I want to cut up the material and make custom padding.

The best I can find is this (I'd prefer larger sheets):


----------



## ARSENALFAN (Apr 16, 2012)

What are you planning on doing? Wrapping it around your Johnson?


----------



## bamfb2 (Mar 16, 2011)

ARSENALFAN said:


> What are you planning on doing? Wrapping it around your Johnson?


Million dollar idea there. Pig in a blanket.

Nah, I like to customize my body armor. Adding or removing pads and the like.


----------



## Gdog42 (Nov 11, 2012)

It would probably be cheaper and easier to just buy Demon's FlexForce D3O.

http://www.demonsnow.com/store/DS1630%20Flexforce%20X%20d3o

It has D3O protection and the pads are removable so you can customize it. The same is with a lot of Demon's protection products so check them out. They might have what you're in need of. :thumbsup:


----------



## saltywetman (Feb 20, 2013)

just heads up, i don't think every padded area uses d3o for demon products. 

I believe for the shorts only the tailbone area uses d3o while the other padded areas are foam. for the top i read the spine and elbows have d3o while other parts are foam as well. Just watch the product videos before making your purchase because the guy goes into pretty good detail as far as what type of padding is where


----------



## UltimateHero (Jun 16, 2015)

*I'm trying to do the same thing*

I know I'm late to reply but have you found any success yet? What have you made till now?


----------



## cookiedog (Mar 3, 2014)

You know I was wondering the same. But I also want to know it's possible to thermomold it somehow to give it a custom shape..


----------



## UltimateHero (Jun 16, 2015)

cookiedog said:


> You know I was wondering the same.
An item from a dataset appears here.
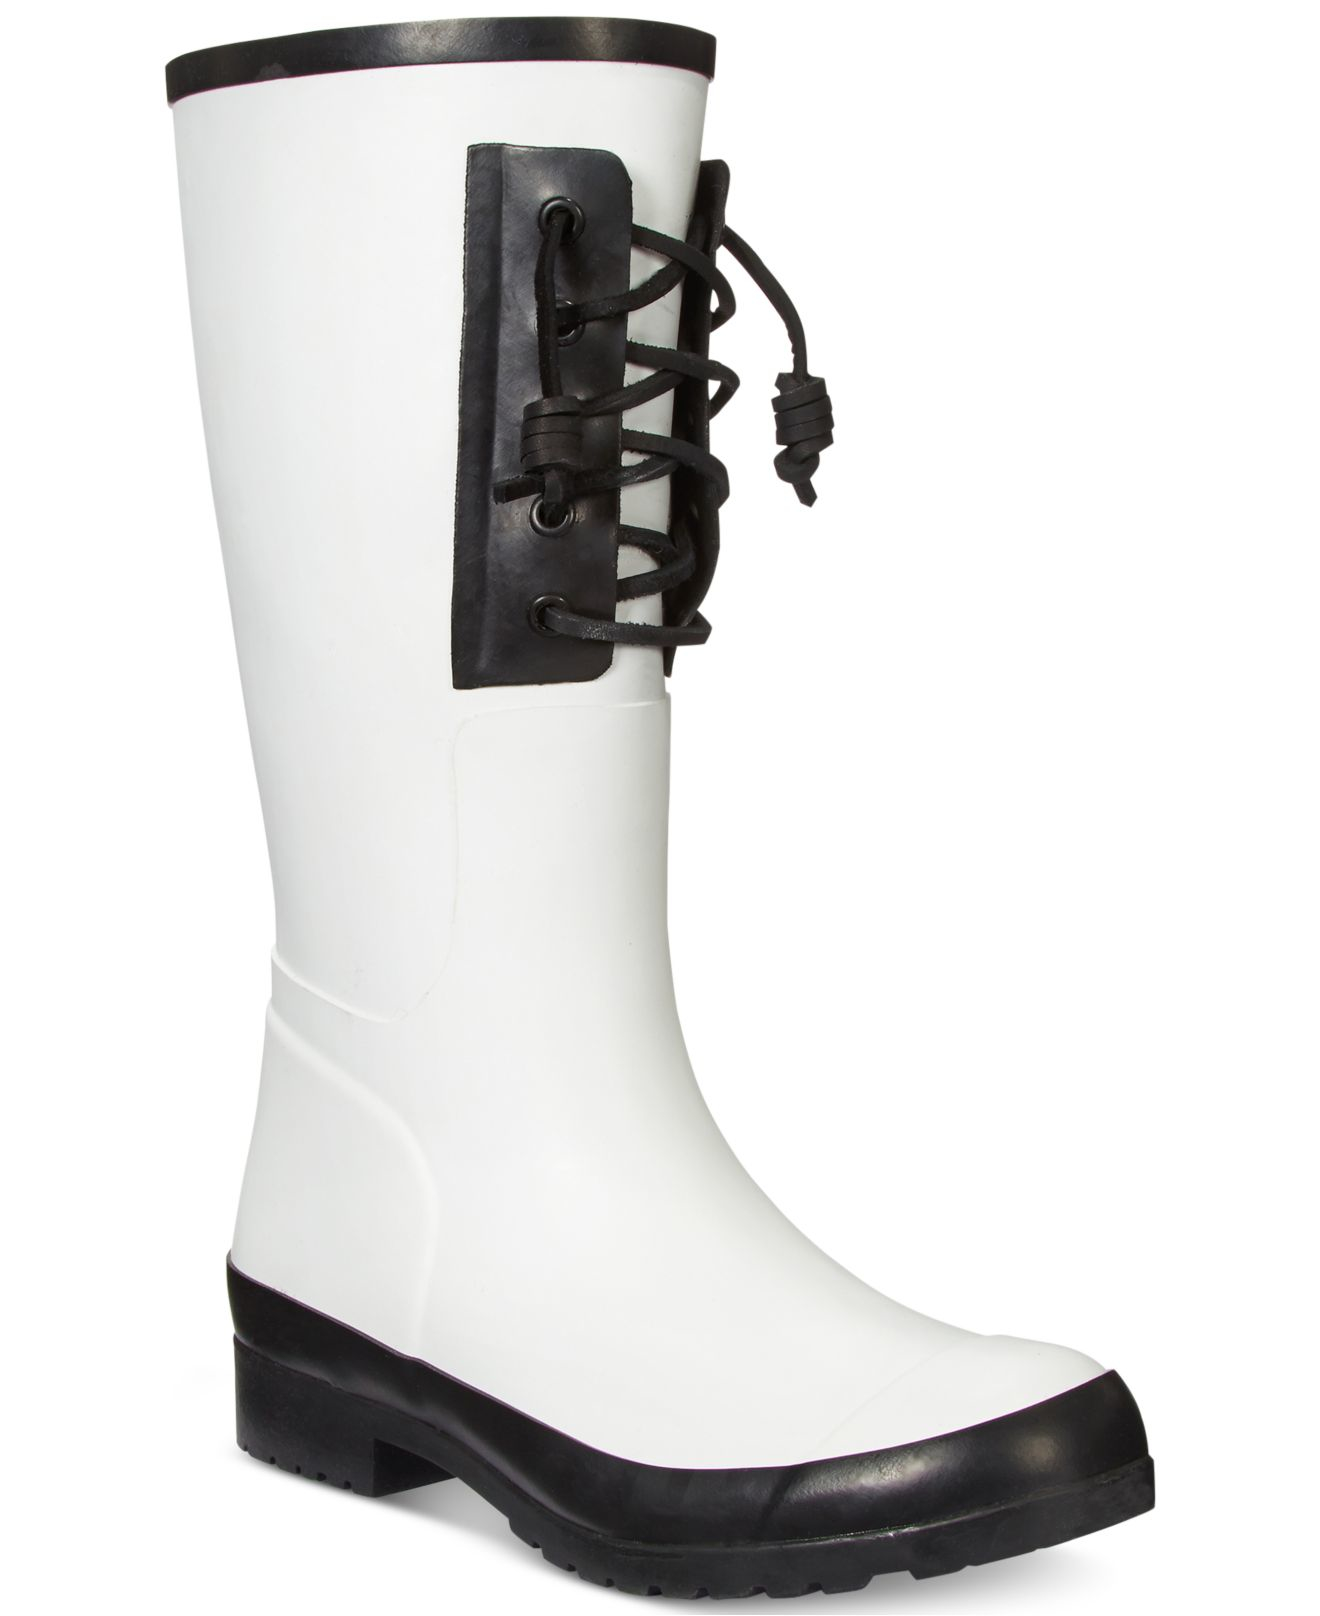 white sperry rain boots

But I also want to know it's possible to thermomold it somehow to give it a custom shape..


We should come together and build a custom armor, d3o padding all over! Any ideas how can we melt the d3o pads and mould it back?


----------



## snowklinger (Aug 30, 2011)

How did we get a rez fair thread in here?


----------



## ytdf5drd (Jan 28, 2017)

Could you tell me where you found that one and where to buy it?


----------